What to work on:
Among the entries below, the lines from the one with "E-cloth window cleaning duo pack" up to and including the one with "The old wood" are to be restated exactly, without pictures.

Given entries:
***

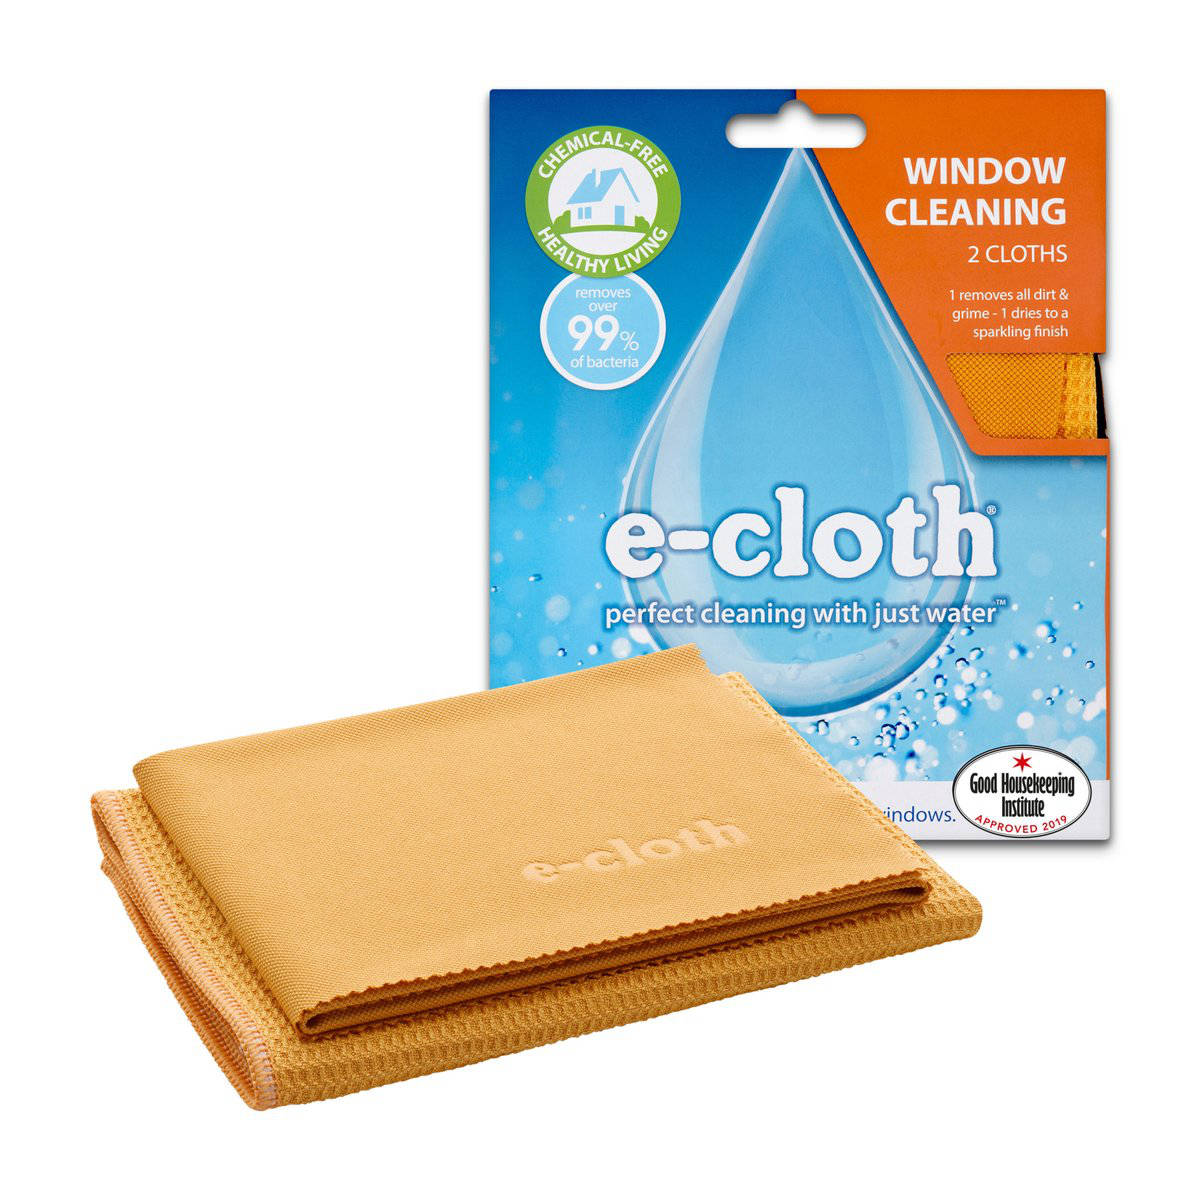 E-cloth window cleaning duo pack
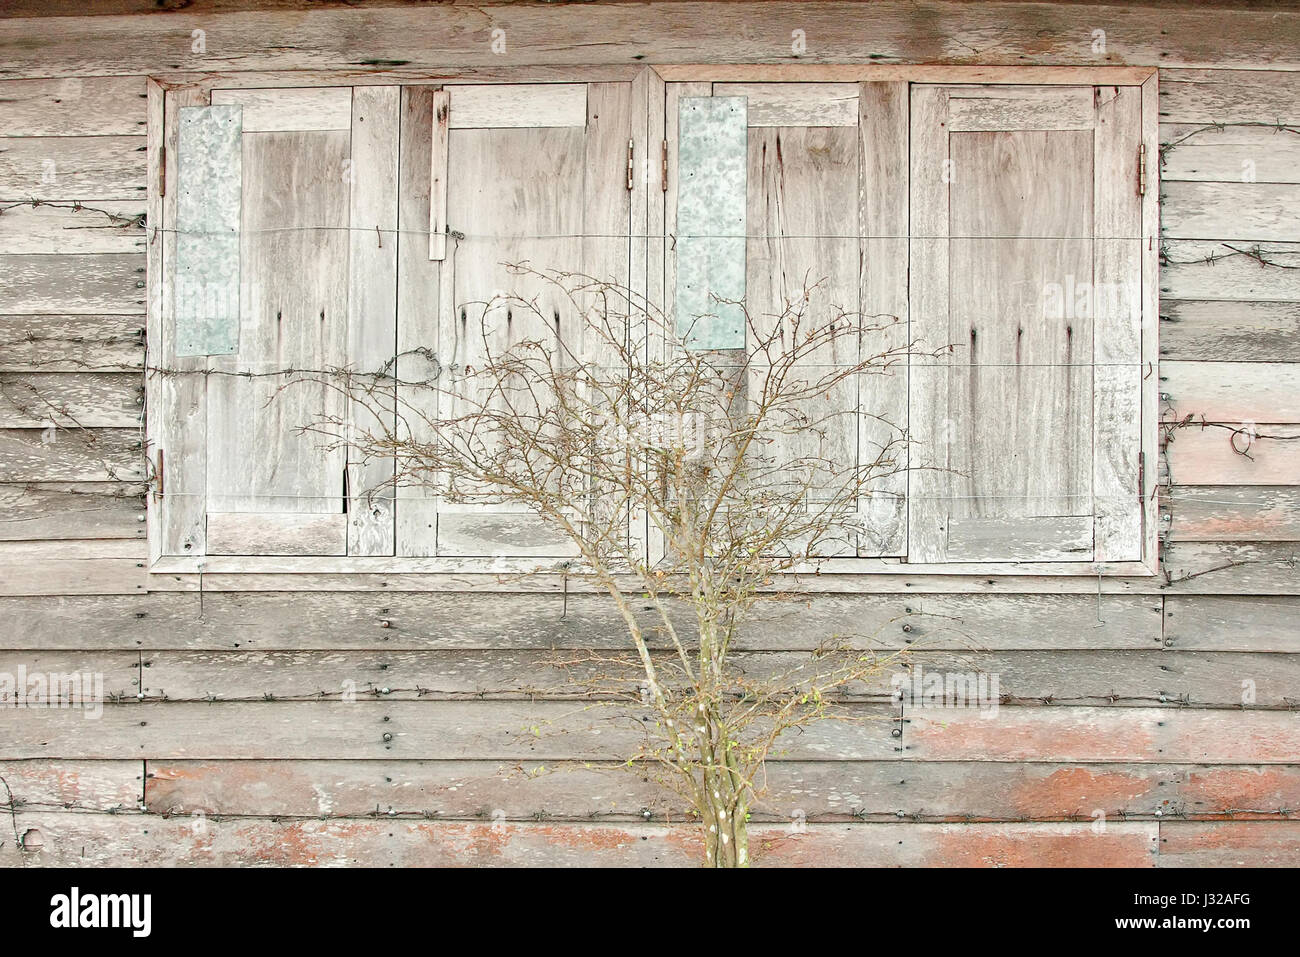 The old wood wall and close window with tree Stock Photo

***

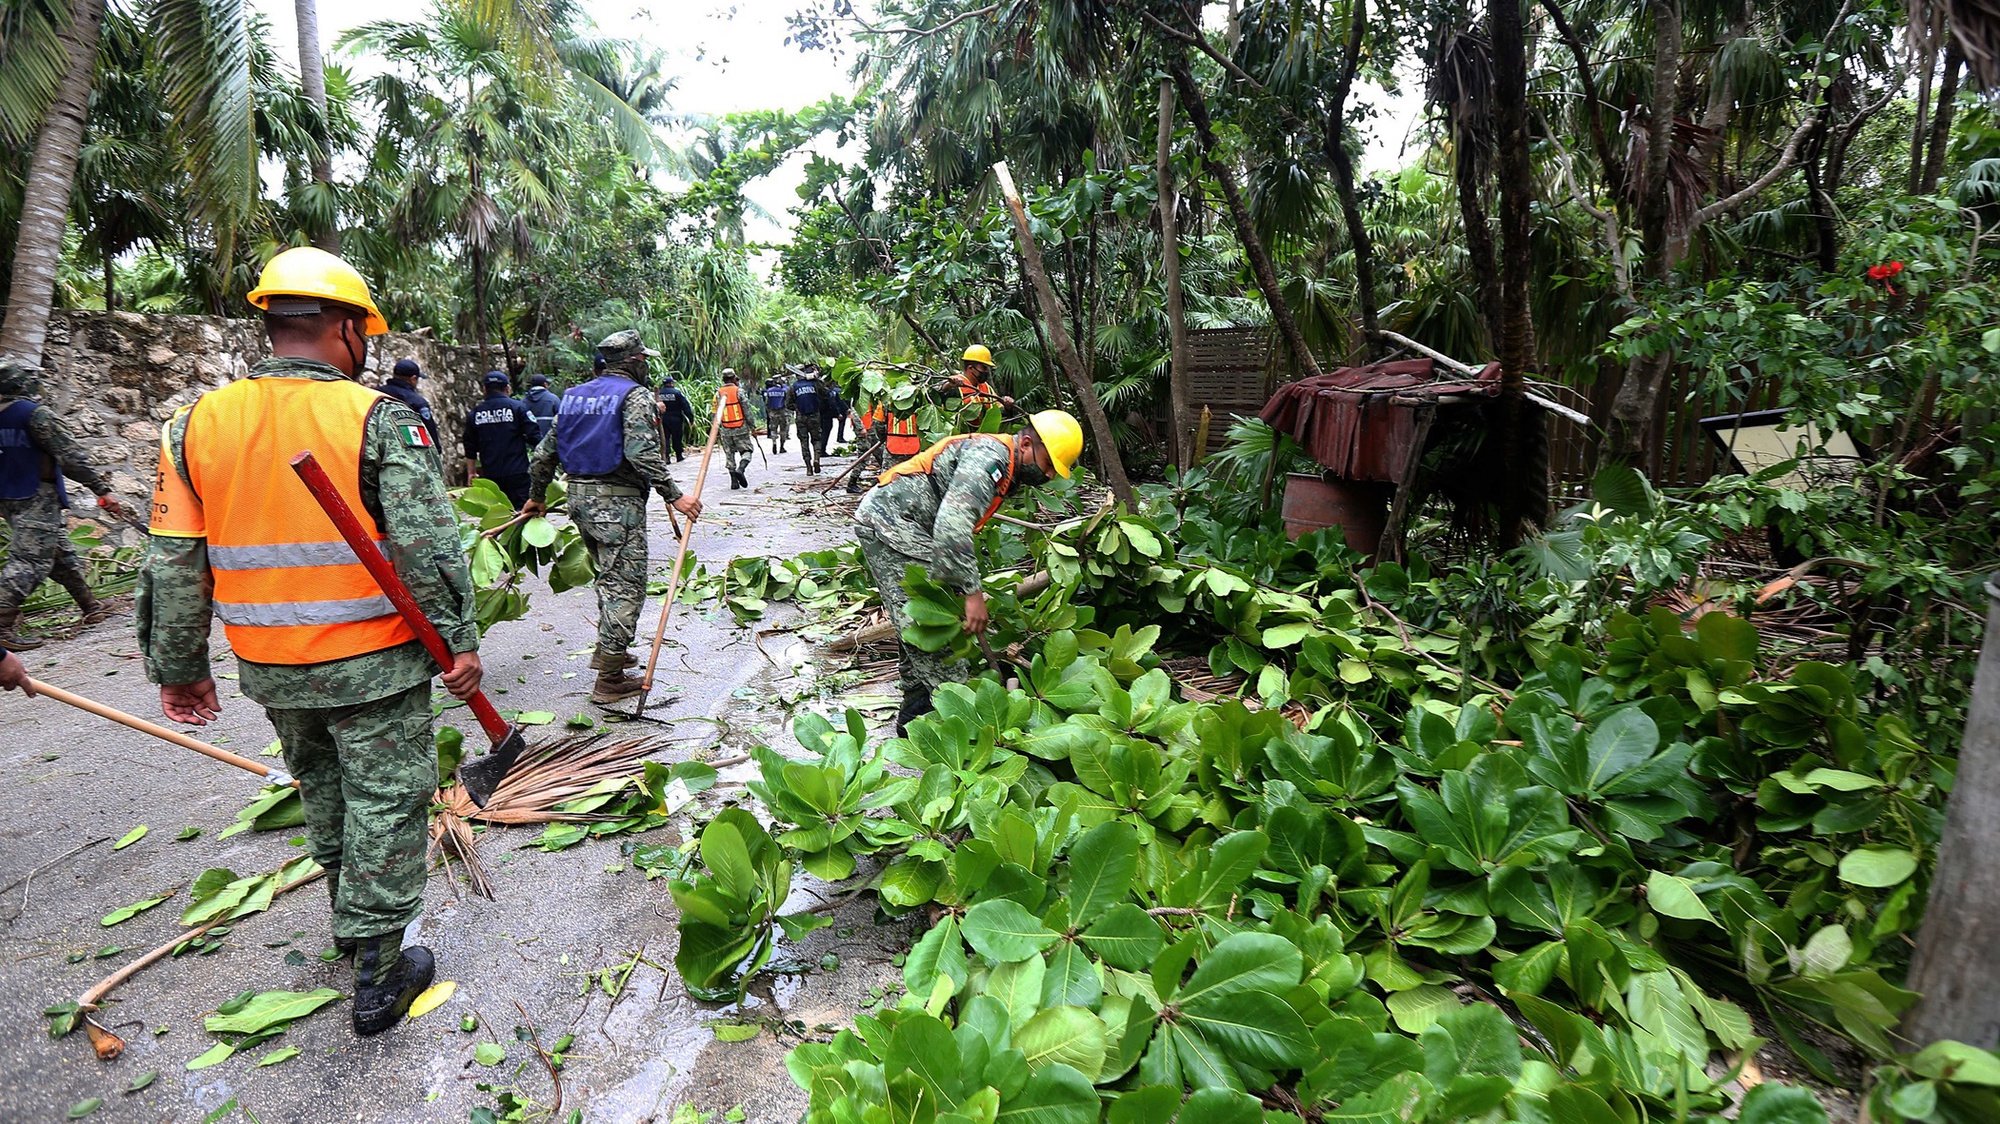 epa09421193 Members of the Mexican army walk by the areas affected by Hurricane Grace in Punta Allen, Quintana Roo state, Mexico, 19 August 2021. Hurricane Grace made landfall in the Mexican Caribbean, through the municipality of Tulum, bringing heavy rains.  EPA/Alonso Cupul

***

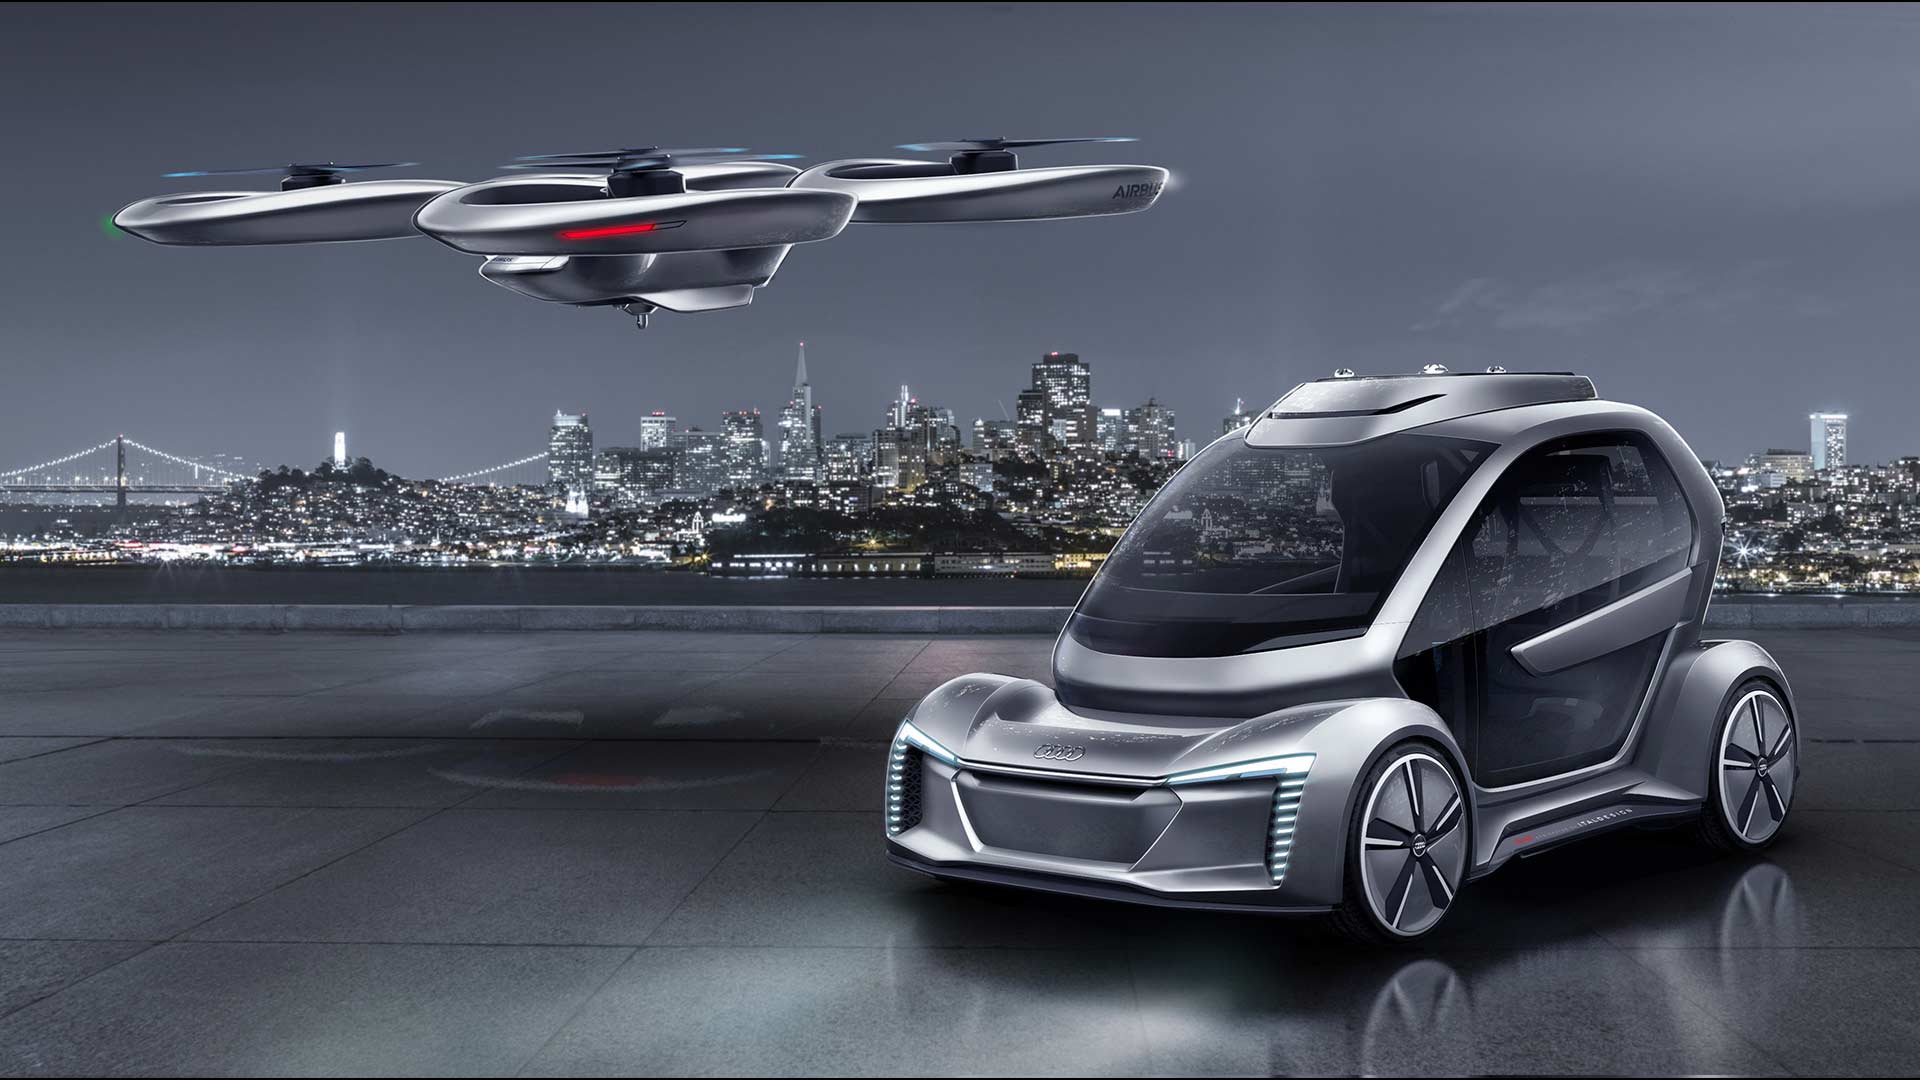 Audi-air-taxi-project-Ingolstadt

***

Response:
 E-cloth window cleaning duo pack
 The old wood wall and close window with tree Stock Photo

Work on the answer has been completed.